I have a matrix X of size (d,N). In other words, there are N vectors with d dimensions each. For example,
X = [[1,2,3,4],[5,6,7,8]]
there are N=4 vectors of d=2 dimensions.
Also, I have rag array (list of lists). Indices are indexing columns in the X matrix. For example,
I = [ [0,1], [1,2,3] ]
The I[0]=[0,1] indexes columns 0 and 1 in matrix X. Similarly the element I[1] indexes columns 1,2 and 3. Notice that elements of I are lists that are not of the same length!
What I would like to do, is to index the columns in the matrix X using each element in I, sum the vectors and get a vector.
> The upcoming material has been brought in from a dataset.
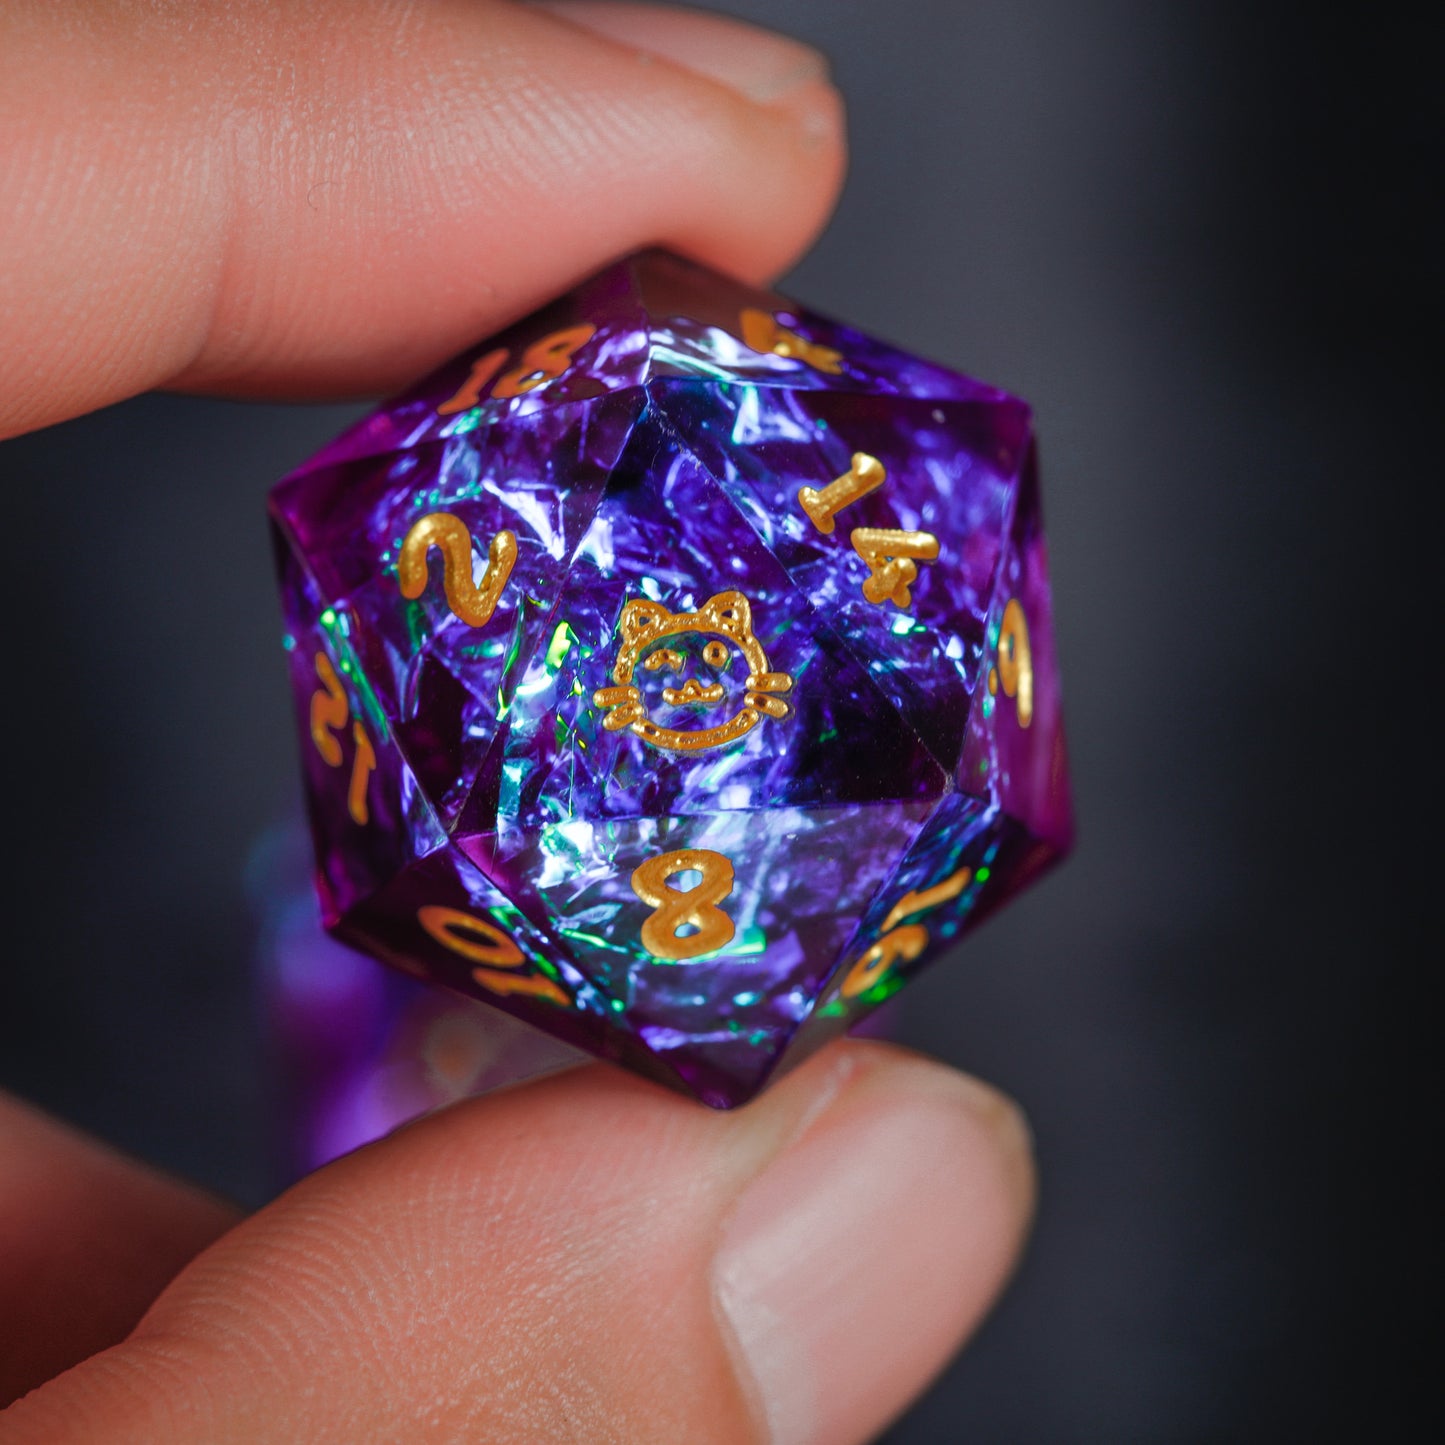 Purple Glitter Resin Galaxy Dice Cat Butt DnD D&D Dice Set - CrystalMaggie

Repeat this for each element of I and thus build a new matrix Y. The matrix Y should have as many d-dimensional vectors as there are elements in I array. In my example, the Y matrix will have 2 vectors of 2 dimensions.
In my example, the element I[0] tells to get columns 0 and 1 from matrix X. Sum the two vectors 2-dimensional vectors of matrix X and put this vector in Y (column 0). Then, element I[1] tells to sum the columns 1,2 and 3 of matrix X and put this new vector in Y (column 1).
I can do this easily using a loop but I would like to vectorize this operation if possible. My matrix X has hundreds of thousands of columns and the I indexing matrix has tens of thousands elements (each element is a short lists of indices).
My loopy code :
Y = np.zeros( (d,len(I)) )
for i,idx in enumerate(I):
Y[:,i] = np.sum( X[:,idx], axis=1 )